Ravenna Football Club is an Italian association football club, based in Ravenna, Emilia-Romagna. The club currently play in .

==History==
=== Foundation ===
The club was founded in 1914 as the football section of sports club Unione Sportiva Ravennate. In 1920, the club merged with Audace Football Club, which had been founded only one year earlier, in 1919. The same year the club joined the Italian Football Federation, it was part of the Promozione league. Another merger in 1921 with S.G. Forti per essere Liberi led the club to change its denomination to 'Unione Sportiva Ravennate Forti per essere Liberi'. The sports club disbanded in 1928, with all its sports sections becoming separate entities; notably, the football section assumed the denomination of Associazione Calcio Ravenna.

==== U.S. Ravenna ====
In 1936, Ravenna made their first appearance in the Serie C, where they played until 1948. In 1949, the club, now playing in the amateur Interregionale league, became known as Unione Sportiva Ravenna, then switching this denomination to Sarom Unione Sportiva Ravenna for sponsorship reasons in 1954, maintaining it for ten years. Ravenna returned to Serie C in 1950 for a single season and again in 1955, playing in this division until 1971, when they were relegated to Serie D. A subsequent Serie C spell from 1972 to 1976 was followed by two consecutive relegations. Two promotions in a row from 1980 to 1982 then brought the club back to the pro leagues, in the recently created Serie C2. Ravenna was relegated to Serie D in 1984, but promptly returned to Serie C2.

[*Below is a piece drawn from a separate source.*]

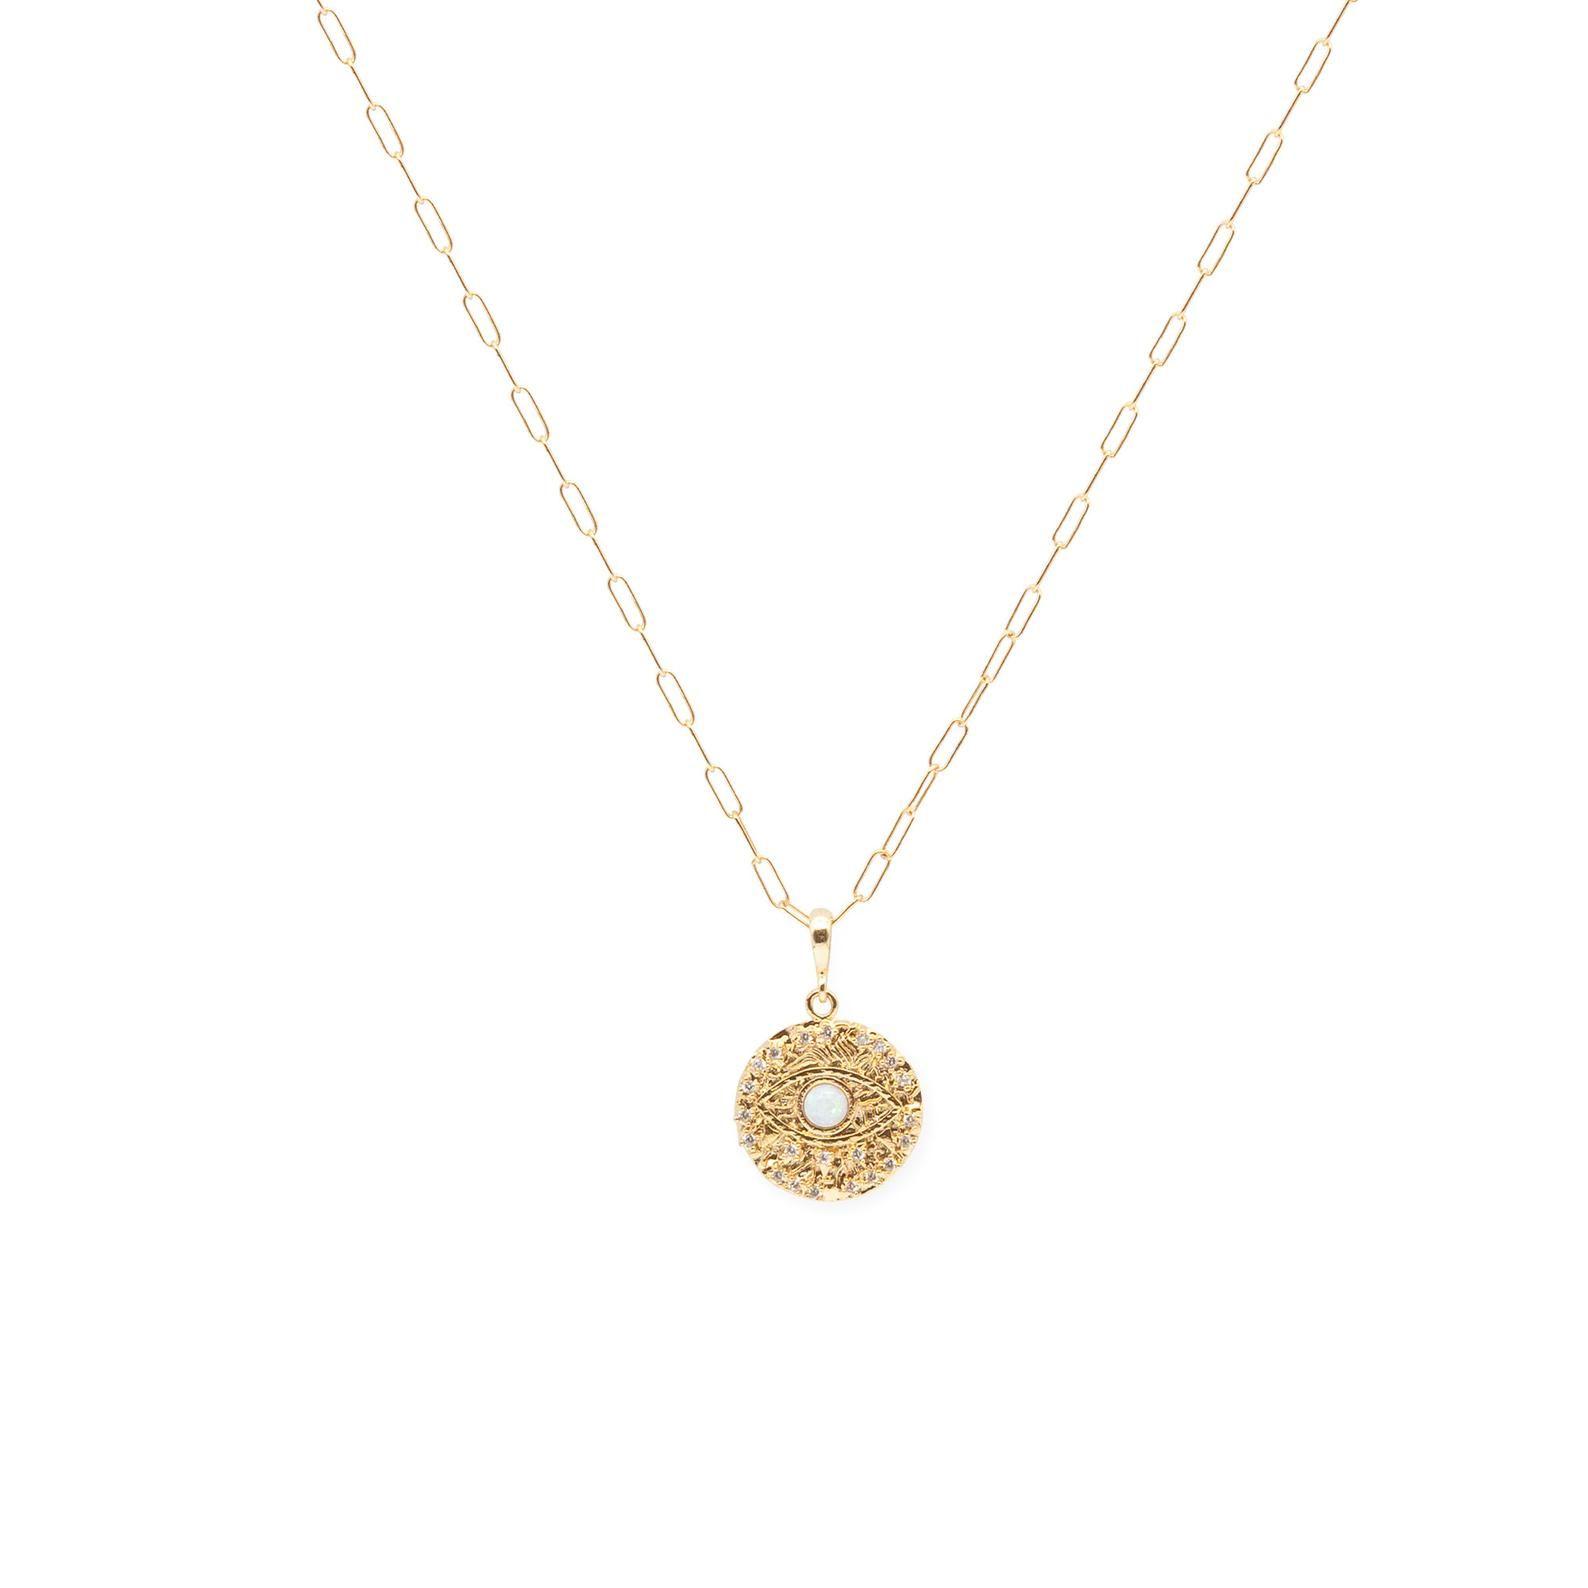 Opal Evil Eye Necklace, Gold, Coin Charm, Shimmeri

In 1992, Ravenna were awarded Serie C2 champions, being promoted to Serie C1. Only one year later, in 1993, Ravenna won the Serie C1 league and gained promotion to Serie B for a historical first time. However, this lasted only one season, and Ravenna returned to Serie C1 in 1994. They returned to Serie B in 1996, playing in the Italian second division until 2001, when they were relegated to Serie C1. However, they were subsequently relegated by the Federation due to financial troubles.

=== Ravenna Calcio ===

Former Ravenna Calcio logo

A new club, Ravenna Calcio, was admitted to play in Eccellenza Emilia-Romagna and obtained two consecutive promotions, which brought them back to Serie C2 in 2003.

In 2005, Ravenna were promoted to Serie C1 after playoffs, and on 9 May 2007, Ravenna won the 2006–07 Serie C1/B in advance of one matchday, following a 0–0 away tie against Teramo, being thus promoted to Serie B, after six seasons from their last appearance in the second-highest division of Italy. They were relegated in 2008 after a poor Serie B campaign to Lega Pro Prima Divisione. In their first season back in Serie C1, now rebranded as Lega Pro Prima Divisione, Ravenna was coached by debutant manager Gianluca Atzori and missed immediate promotion by losing the playoff semifinals to Padova, who later went on to win the playoff finals as well.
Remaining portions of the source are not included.